セネト・パピルス 31
2010/4/4


 戦局はタァウイ劣勢で半年目を迎えていた。
 ジャヒを足掛かりに攻め入ってきたケタの兵力は、十数年前とは比べものにならぬ高さであった。――と記しては正確性を欠くだろうか。変わったのは、ケタでなくタァウイである。タァウイの方こそが、かつての威光虚しき程に、力を落としていた。
 数ではタァウイが勝っていた。初め、季節はタァウイが農閑期、忌まわしき敵国ケタは農繁期であったのだから、少なくともタァウイでアケトが終わりペレトに差し掛かるまで、そうである筈だった。個々の兵はどちらもそう変わらない。戦略に関しては、策謀の司とも呼ばれるヌブトのセトが軍部へ進言を繰り返していた。前線の士気ならば、本来、王自ら戦場に立ったタァウイの方が勝ってしかるべきだったろう。
 では、何故? 開戦から一季節が過ぎ、二季節目も半ばとなってまだ、有利である筈のタァウイは、ケタを追い返すどころかシェズの地に踏み込めてさえいないのだ。
「戦費が足りませぬ」
 久方振りにヌブトより戻ったセトは、王が不在の王の間へ足を踏み入れるなりそう訴えた。
「我がヌブトはまだ良い。往年の蓄えが尽きることはそうそう御座いませぬ。しかしこれでは他の諸州が持ちますまい。――王都ウアセトの大宰相閣下、シモン・ムーラン・ジェフウティ」
 正式な名称で、セトはシモンを呼んだ。
「王が不在の今、それを判断し国庫を開放するのは、貴方様の役目ではなかったか」
 詰め寄られ老宰相の額に皺が寄る。彼は、周囲を幾らか気にしながら、その場にいるものが皆州侯家のものであると確認し、恐々と口を開いた。
「我が菜料地ジェフウトの神に懸けて、また、我が族の神に懸けて、戦費のため国庫の開放を怠ったことは無い。
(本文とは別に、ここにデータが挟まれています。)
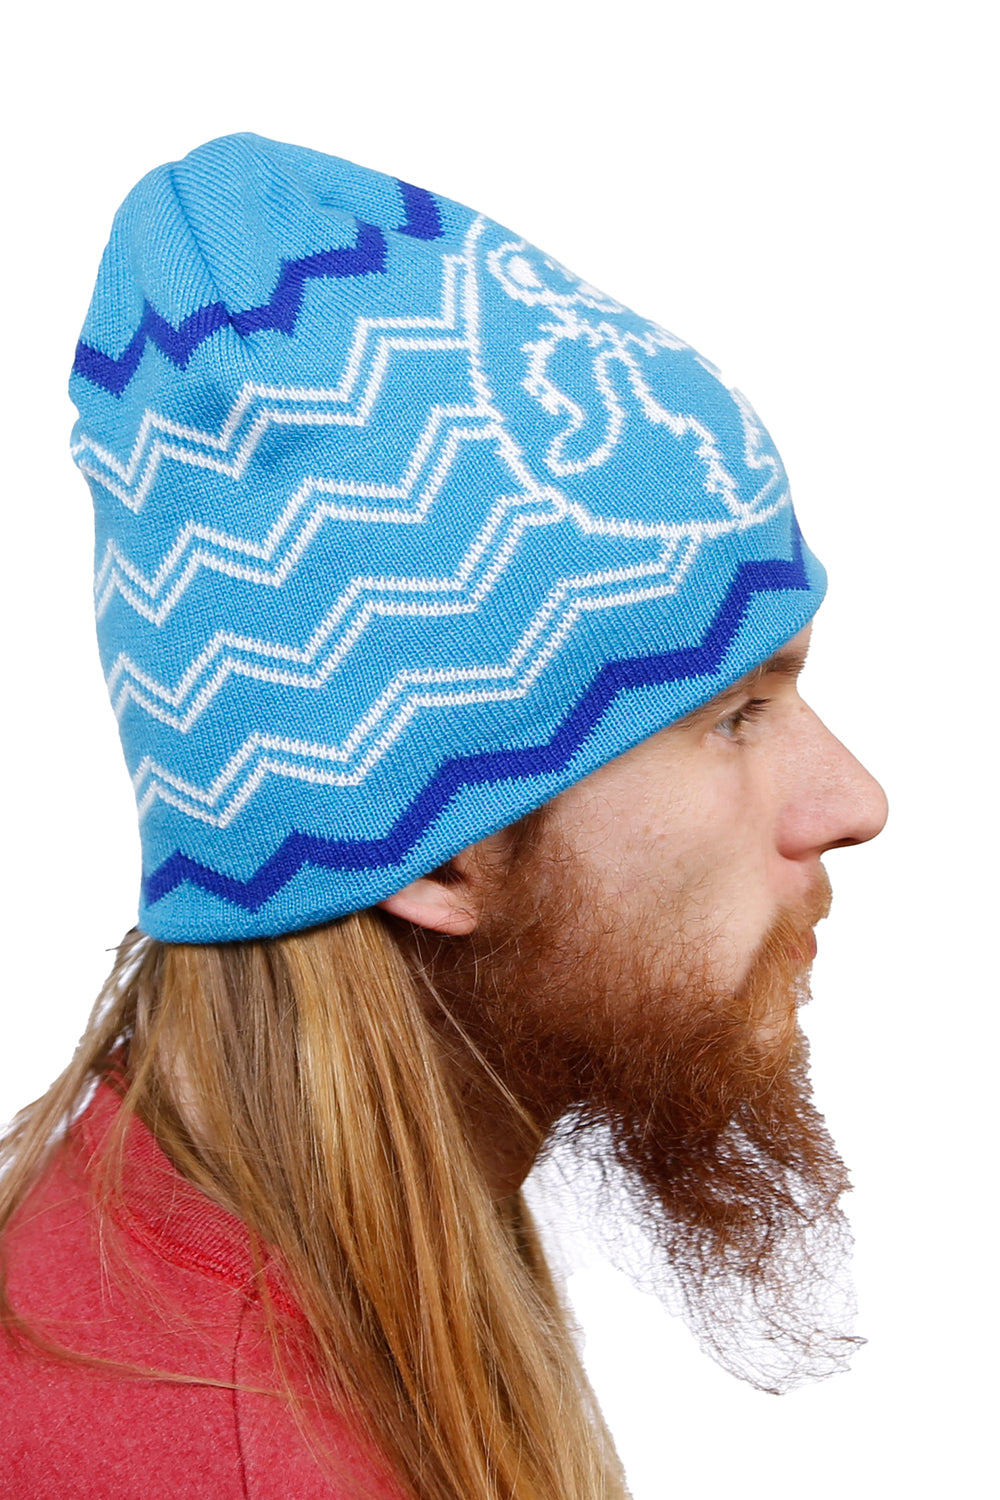 Grateful Dead Knit Dancing Bear Beanie Hat in Blue - eDeadShop

無い――のじゃ」
「どういうことです。ならば何故、各州へ戦費が行き渡らずいるのです」
「ヌブト公」
 睨み付けられ憐れにも蛇を前にした蛙のごとく縮み上がった老爺とセトの間に、男が一人割って入った。
「あとの話は私からしよう」
 老宰相を幾らか若くしたような風貌の男だった。その顔はセトにも見覚えがある。シモンとは異なりウアセトでの官職を持たぬものであったが、年に何度かは、シモン・ムーランのあとのケメヌ公として王宮に姿を見せていた男だ。
「ヘジュウル・ケメヌ。そなたの家のもののこの怠慢に、何か納得の行く理由が?」
 セトの不遜なもの言いに男が鼻白んだが、しかしそれは一瞬だった。彼はすぐに顔色を直し、アメン=ラァと、王都の神の名を述べた。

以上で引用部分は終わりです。